Antibiotic use in infants in the first year of life in five European countries.

机构信息

Department of Pediatrics, Beatrix Children's Hospital, UMC Groningen, The Netherlands.

出版信息

Acta Paediatr. 2012 Sep;101(9):929-34. doi: 10.1111/j.1651-2227.2012.02728.x. Epub 2012 Jun 12.

Abstract

AIM

To assess in infants the number of illness episodes treated with antibiotics and prescription rates in five European countries.

METHODS

This study was embedded in a multicenter nutritional intervention study and was conducted in five European countries. Infants were followed until 1 year of age.
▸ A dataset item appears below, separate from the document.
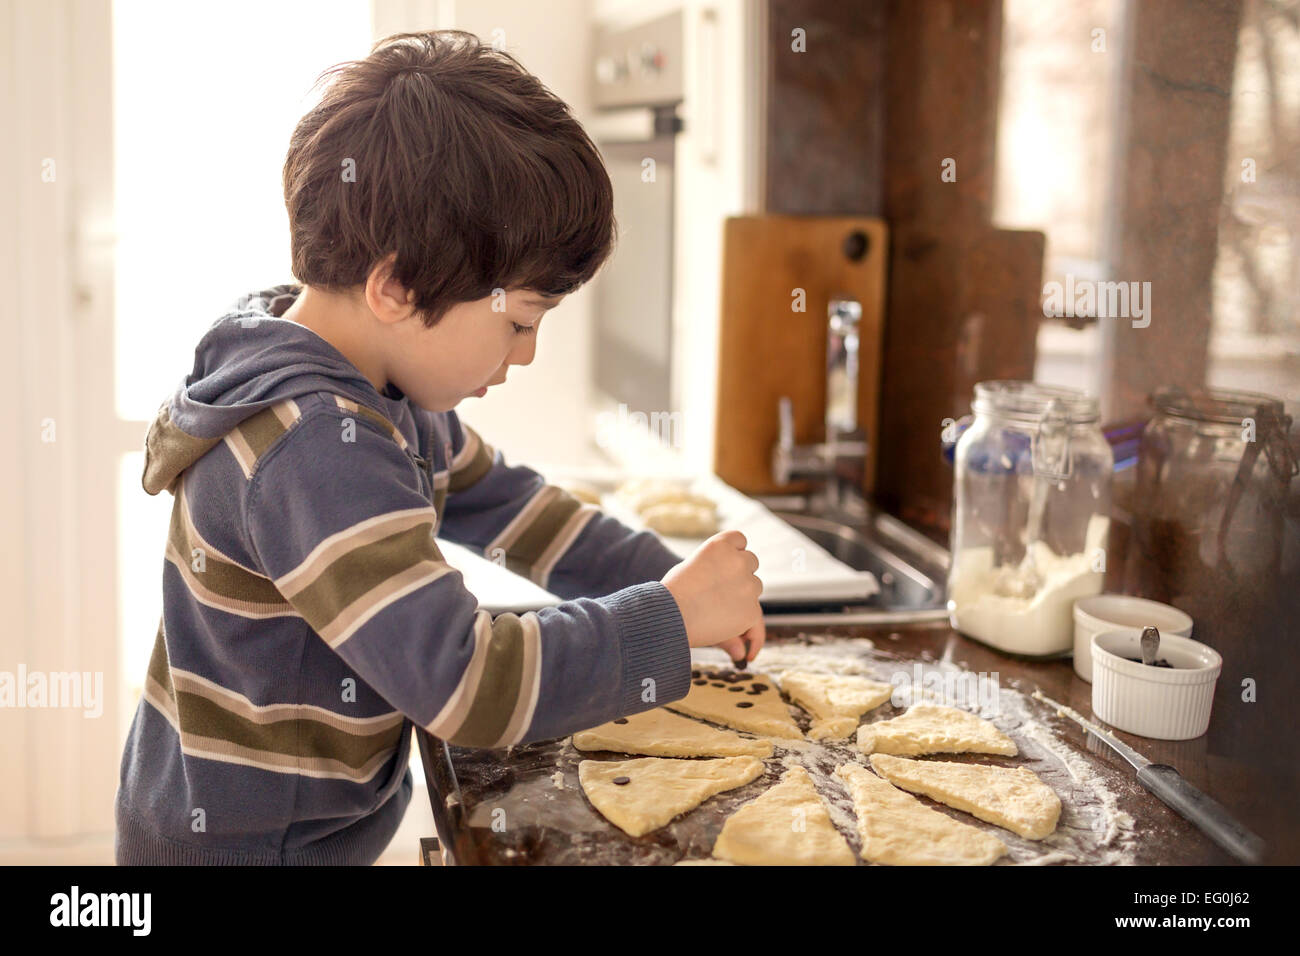 Boy (4-5) preparing meal - Stock Image

Illness episodes and prescriptions of systemic antibiotics were recorded by the parents.

RESULTS

Illness episodes were caused by upper respiratory tract infections (URTIs) in 55-64% and by otitis media (OM) in 2-6.8%. URTIs were statistically significant and more frequently treated with antibiotics in Italy (18.8%), and less frequently in Switzerland (1.4%). OM was statistically significant and less frequently treated with antibiotics in the Netherlands (55%) when compared to Italy (82%). The antibiotic prescription rate varied between countries, ranging from 0.2 to 1.3 prescriptions per infant per year.

CONCLUSIONS

As the frequency of illness episodes did not differ between countries, other factors, such as physician's attitude, parental pressure or other socio-economic determinants, most likely play a role in antibiotic prescribing habits in the first year of life.

摘要

目的

评估在五个欧洲国家中,因疾病而接受抗生素治疗的婴儿数量和处方率。

方法

本研究嵌入在一项多中心营养干预研究中,在五个欧洲国家进行。对婴儿进行随访至 1 岁。父母记录疾病发作和全身抗生素处方情况。

结果

疾病发作由上呼吸道感染(URTI)引起的占 55%-64%,中耳炎(OM)占 2%-6.8%。意大利 URTI 接受抗生素治疗的比例显著更高(18.8%),而瑞士则显著更低(1.4%)。与意大利(82%)相比,荷兰 OM 接受抗生素治疗的比例显著更低(55%)。抗生素处方率在各国之间存在差异,范围为每年每婴儿 0.2 至 1.3 次处方。

结论

由于疾病发作的频率在各国之间没有差异,因此其他因素,如医生的态度、父母的压力或其他社会经济决定因素,可能在婴儿生命的第一年中抗生素处方习惯中发挥作用。